Did Rep. Kirk succeed in passing a federal law that limits all our rights? No, he did not. He is drafting legislation, as one representative in one state, but I don't see that it has succeeded even on a state level, let alone a national level. It fulfills the need of letting people express themselves, a kind of public forum, that they wish these powerfully influential media devices called virtual worlds to have some regulation. I sure don't have a problem with them exercising that will, and having that freedom of expression.
So often those on the hard left want freedom of expression for themselves, and not for others, and want to express, but never be pushed back.
It's not about “technology” — which you invoke to hide behind “technical” solutions when in fact it is a social issue. No, you do not get to impose your hedonism and licentiousness on others. That's as oppressive as them imposing their more conservative lifestyle on you.
And the point of the OP's post is to try to STOP what is the expression of the electorate of another country, and I'm sorry, but they DO NOT get to do that. Not in the name of technology, of “global” industry or any other fake utopian notion.
Prokofy Neva says
The global financial crisis is not “U.S. instigated”, that's silly. You might better blame China, and other countries that benefited from loaning money to the U.S., hmm?
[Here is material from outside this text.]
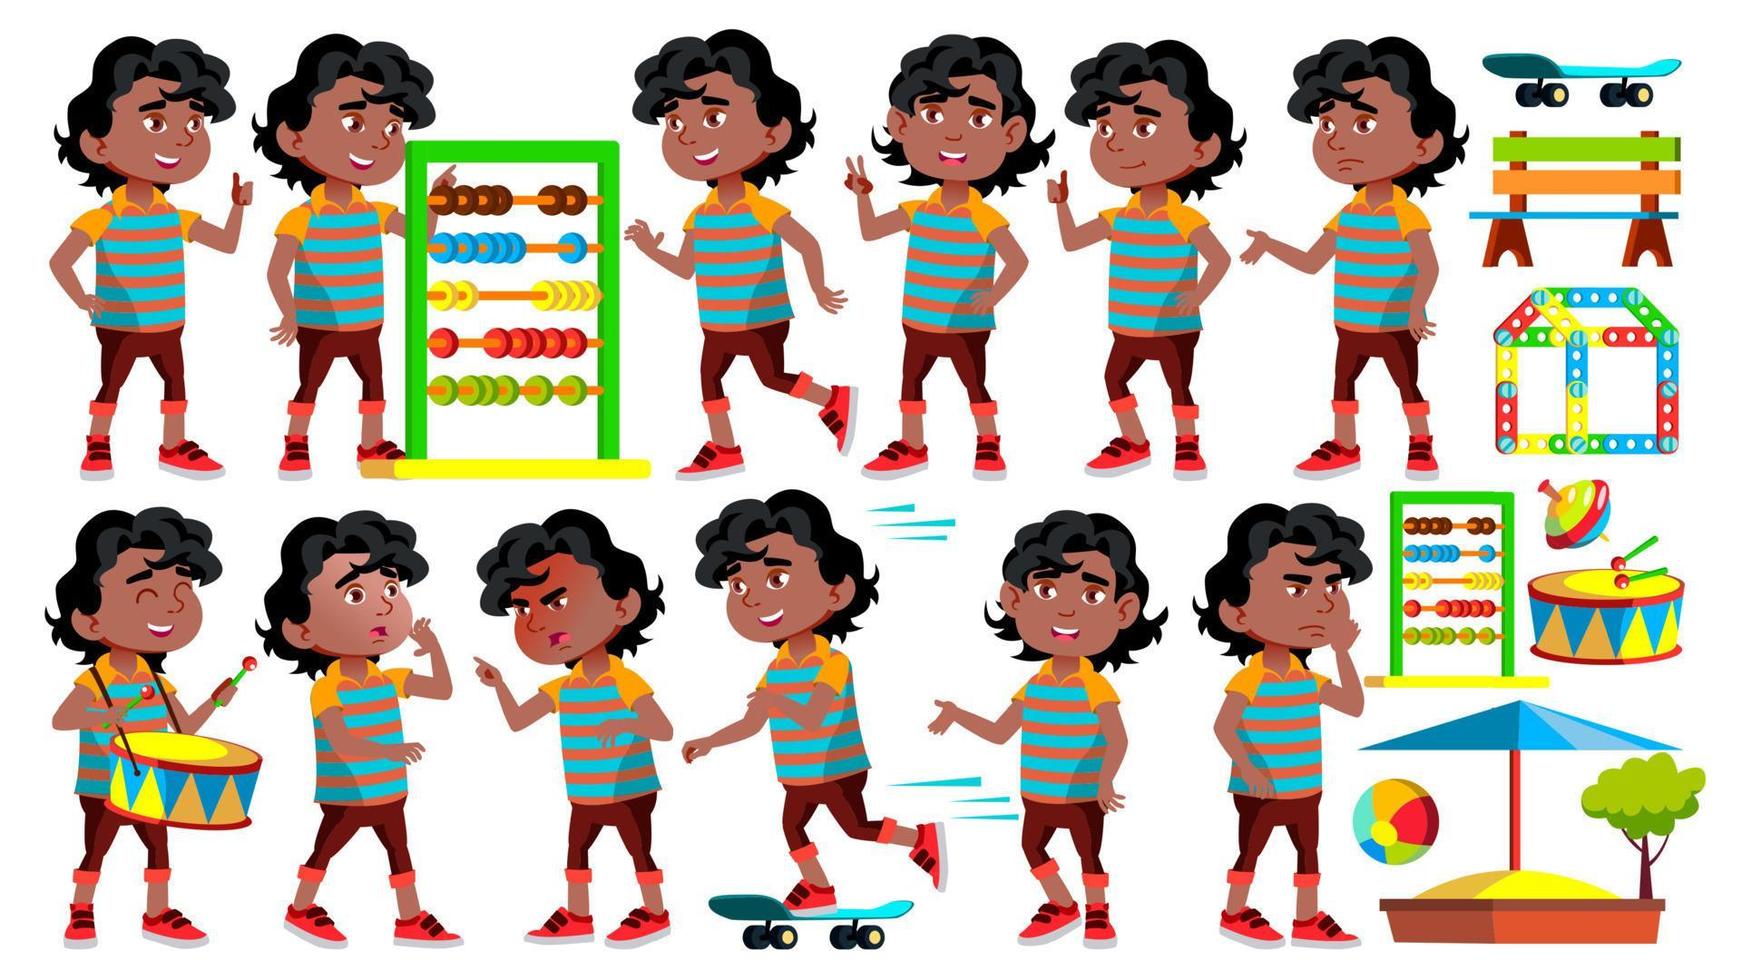 noir, afro-américain garçon maternelle kid pose set vector. personnage d'enfants heureux. Baby-sitting. pour la publicité, les salutations, la conception d'annonces. illustration de dessin animé isolé vecteur

As for Iraq, sounds like your problem is with your own country's leadership, really, not with Bush. Sounds like you can't get your way, and that your fellow Australians don't do what you wish.
Website Monitoring says
I don't see a big problem in blocking access to Second Life servers as well as to online games, erotics and other undesired content for kids. But there is a problem: children will find something else to entertain themselves using internet. WWW is billions of webpages, games, tv shows and of course Second Life isn't the source of all the world's evil to be banned.
Mr. Kirk is trying to treat symptoms, not the cause, that's his mistake.
Website Monitoring says
I don't see a big problem in blocking access to Second Life servers as well as to online games, erotics and other undesired content for kids. But there is a problem: children will find something else to entertain themselves using internet. WWW is billions of webpages, games, tv shows and of course Second Life isn't the source of all the world's evil to be banned.
Mr. Kirk is trying to treat symptoms, not the cause, that's his mistake.